Transit Multicast Attacks
IP routing and forwarding operations for IP multicast packets are vastly different than for IP unicast packets. With unicast routing, traffic flows are forwarded through the network along a single path from source to destination. Further, unicast routing considers only the destination address when making its forwarding decision; it does not consider the source address.
With multicast forwarding, the source is sending traffic to an arbitrary group of hosts that is represented by a multicast group (destination) address. Multicast-enabled routers must determine which direction is the upstream direction (toward the source) and which is the downstream direction(s) (toward the receiver(s)). Forwarding paths between senders and receivers are maintained using a multicast distribution tree (MDT) per multicast group and, optionally, per source. These are referred to as (*, G) shared and (S, G) source trees, respectively, which are both represented within the multicast forwarding table illustrated in Example 2-1.

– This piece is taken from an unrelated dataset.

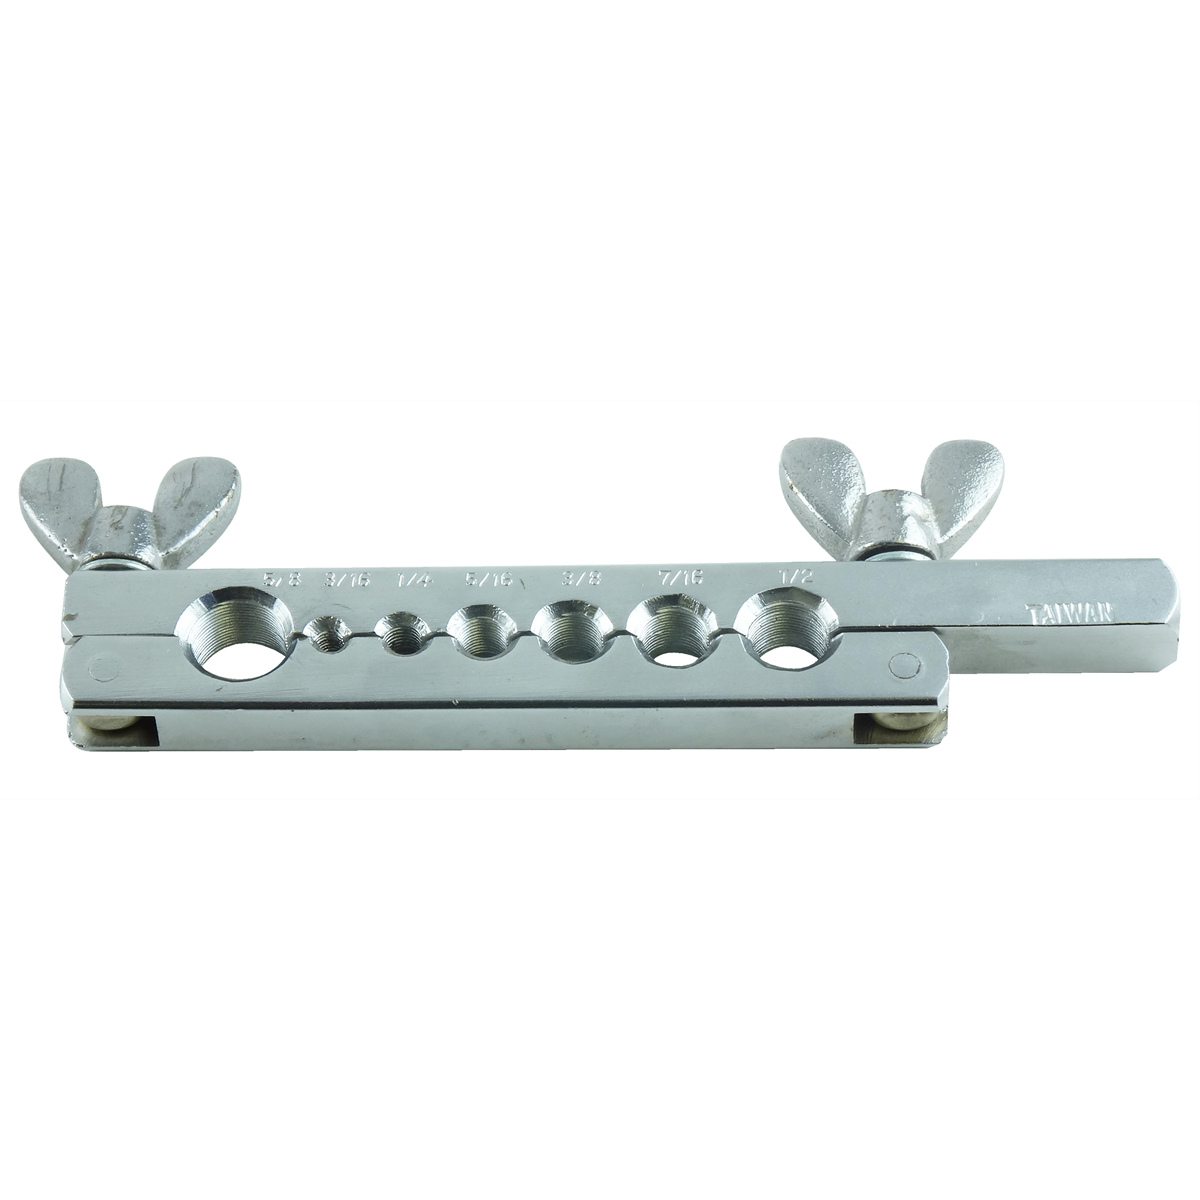 SIZING CLAMP FOR KTI-70060

Example 2-1 IOS Sample Output from the show ip mroute Command
Router# show ip mroute
IP Multicast Routing Table
Flags: D - Dense, S - Sparse, B - Bidir Group, s - SSM Group, C - Connected, L - Local, P - Pruned, R - RP-bit set, F - Register flag,
T - SPT-bit set, J - Join SPT, M - MSDP created entry,
X - Proxy Join Timer Running, A - Candidate for MSDP Advertisement, U - URD, I - Received Source Specific Host Report, Z - Multicast Tunnel, Y - Joined MDT-data group, y - Sending to MDT-data group
Timers: Uptime/Expires
Interface state: Interface, Next-Hop, State/Mode
MDTs are created through IP routing protocols, such as PIM, as well as on-demand via sourced multicast traffic flows. When a router discovers a new multicast source, it creates state within its multicast forwarding table (in other words, mroute) and either builds or joins an MDT for the associated multicast group. Depending upon the multicast routing protocol deployed, state creation may require that the first data plane packet of each multicast traffic flow be punted to the IOS process-level for multicast control plane processing. Once the mroute forwarding entry is created, any subsequent packets within the flow will be CEF (fast path) switched through the router as opposed to slow path processed.

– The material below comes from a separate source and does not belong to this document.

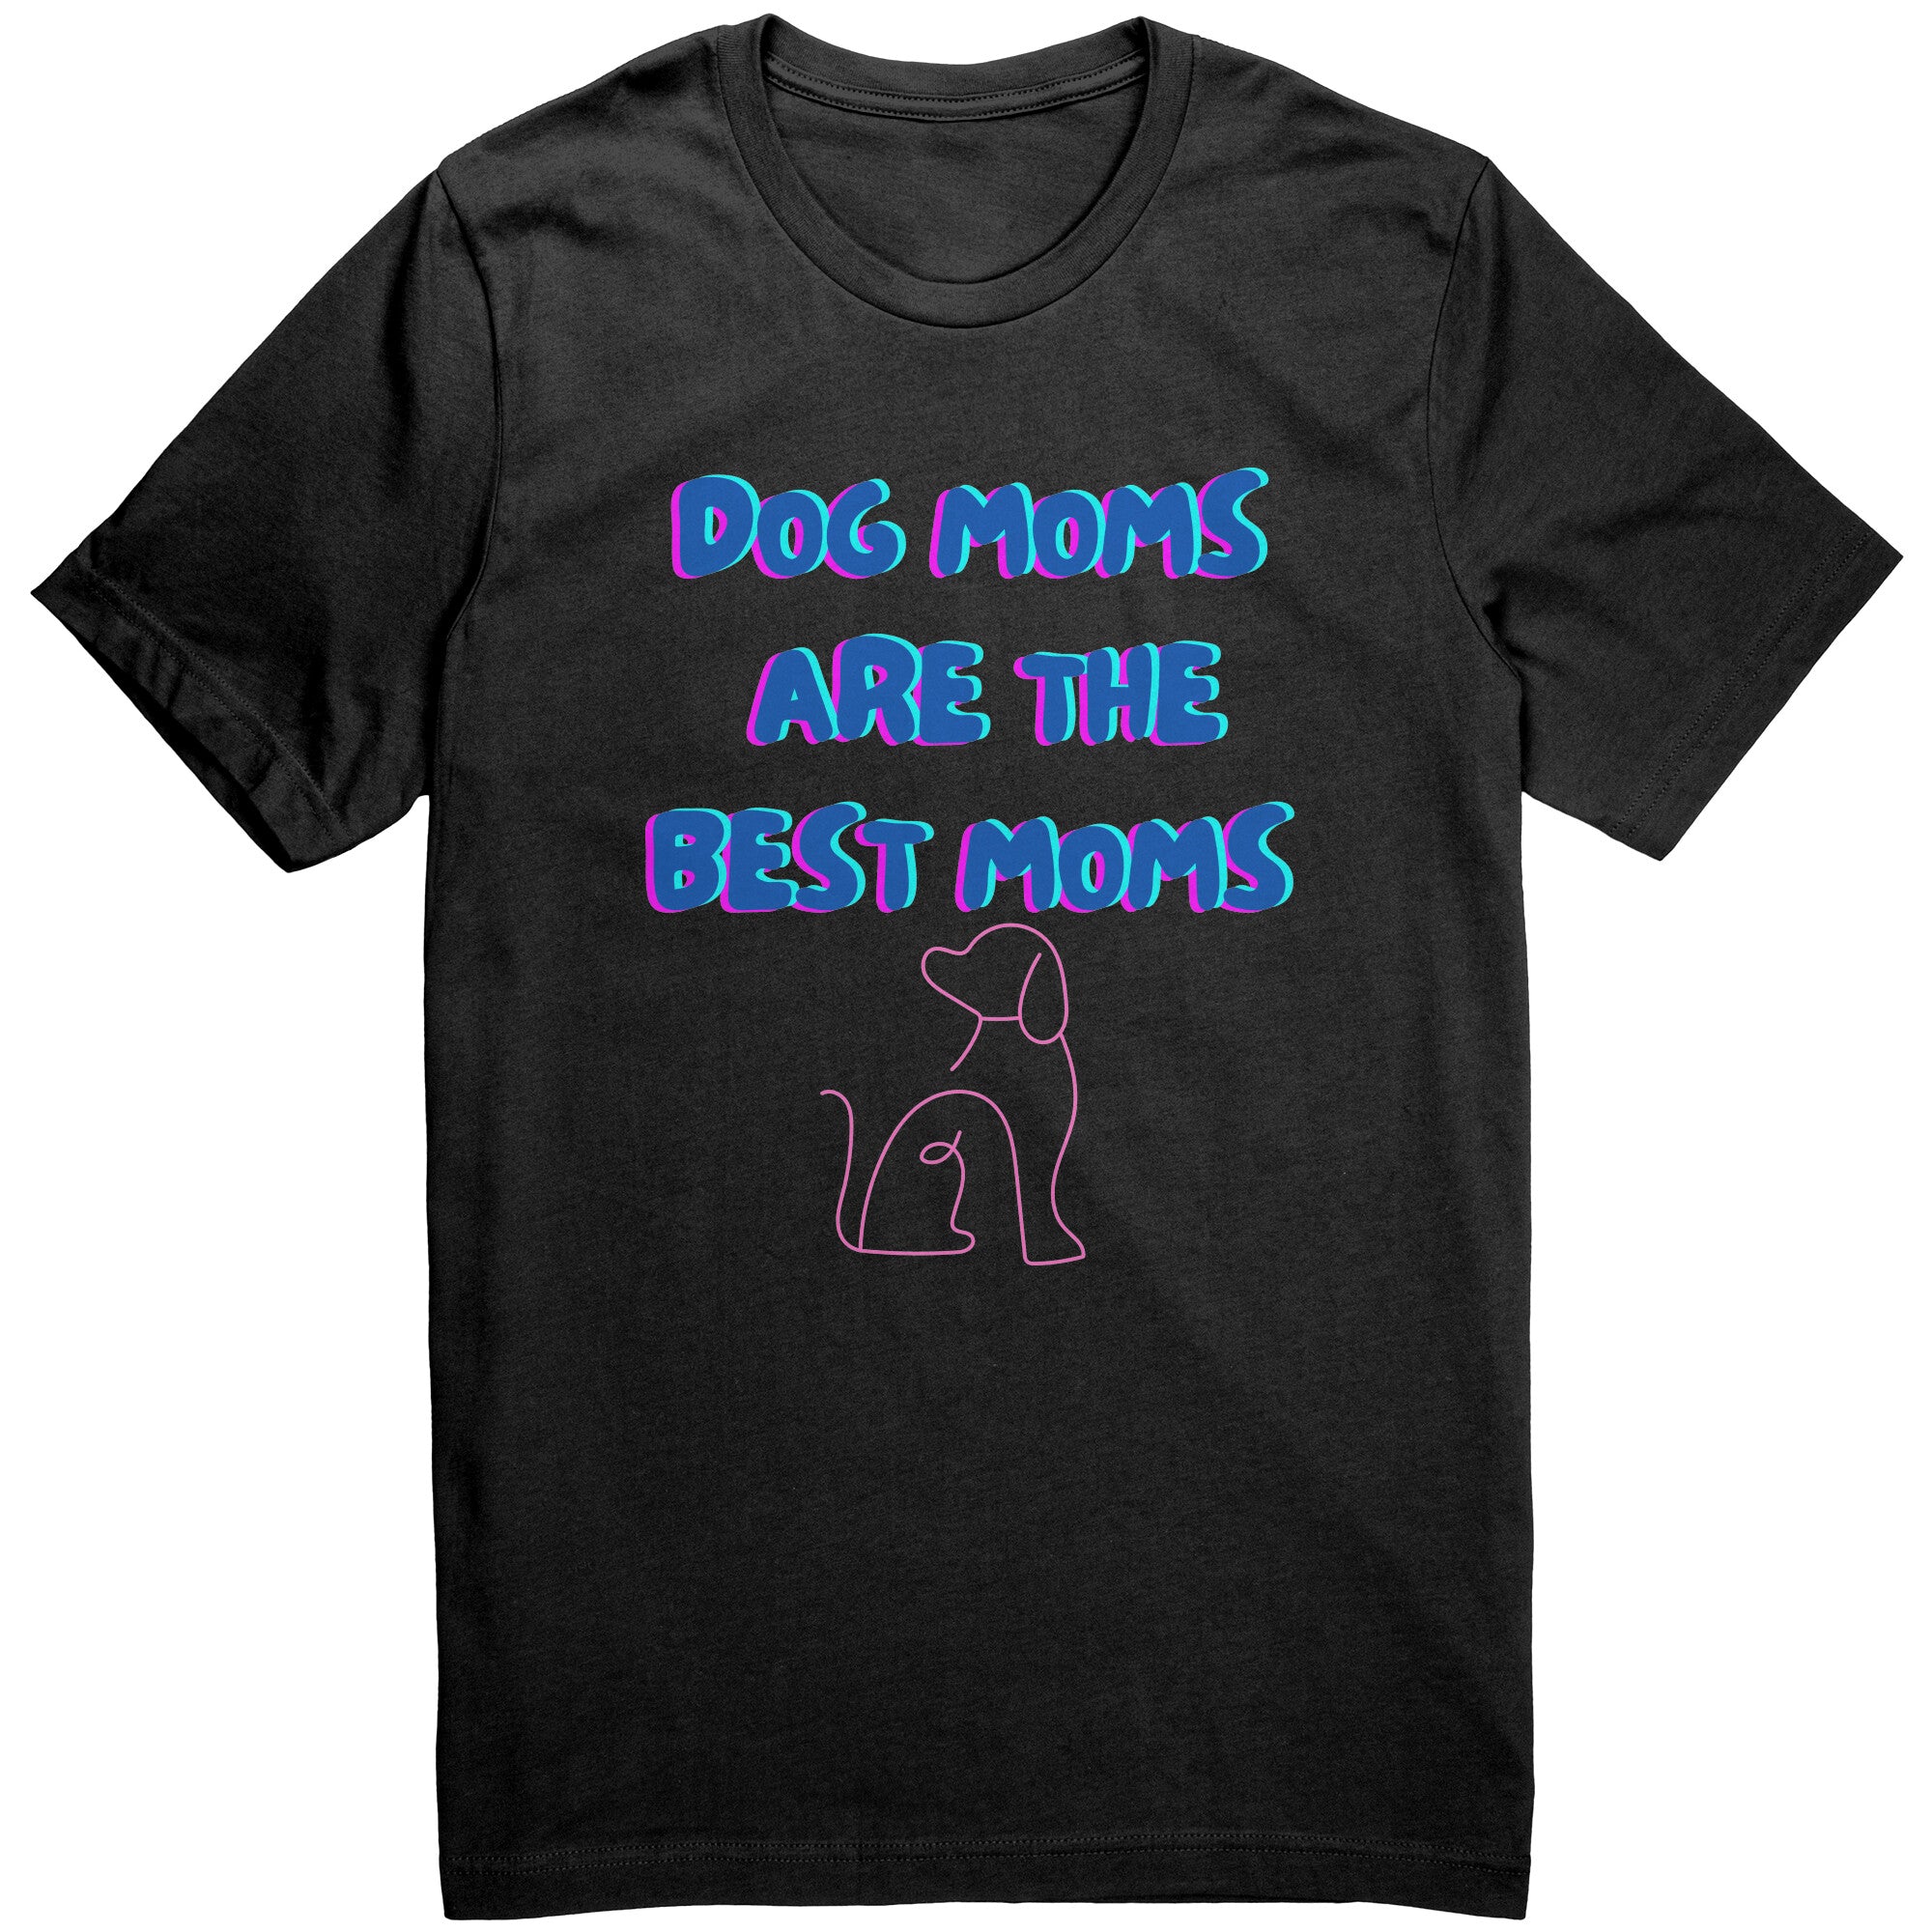 Dog Moms Are The Best Moms T-Shirt

Hence, multicast-based attacks may attempt to exploit this behavior using many different IP sources and multicast groups to purposefully cause each attack packet to punt to the process- level control plane. Excessive multicast state creation processing may adversely affect router resources, triggering a DoS condition. Such attacks not only require multicast to be enabled on the router or network, but also require valid receivers in order to build the required MDT. Without these, any multicast traffic received may be silently discarded at the input router interface. For more multicast information, refer to the Cisco IOS Software IP Multicast Groups home page at ftp://ftpeng.cisco.com/ipmulticast/html/ipmulticast.html.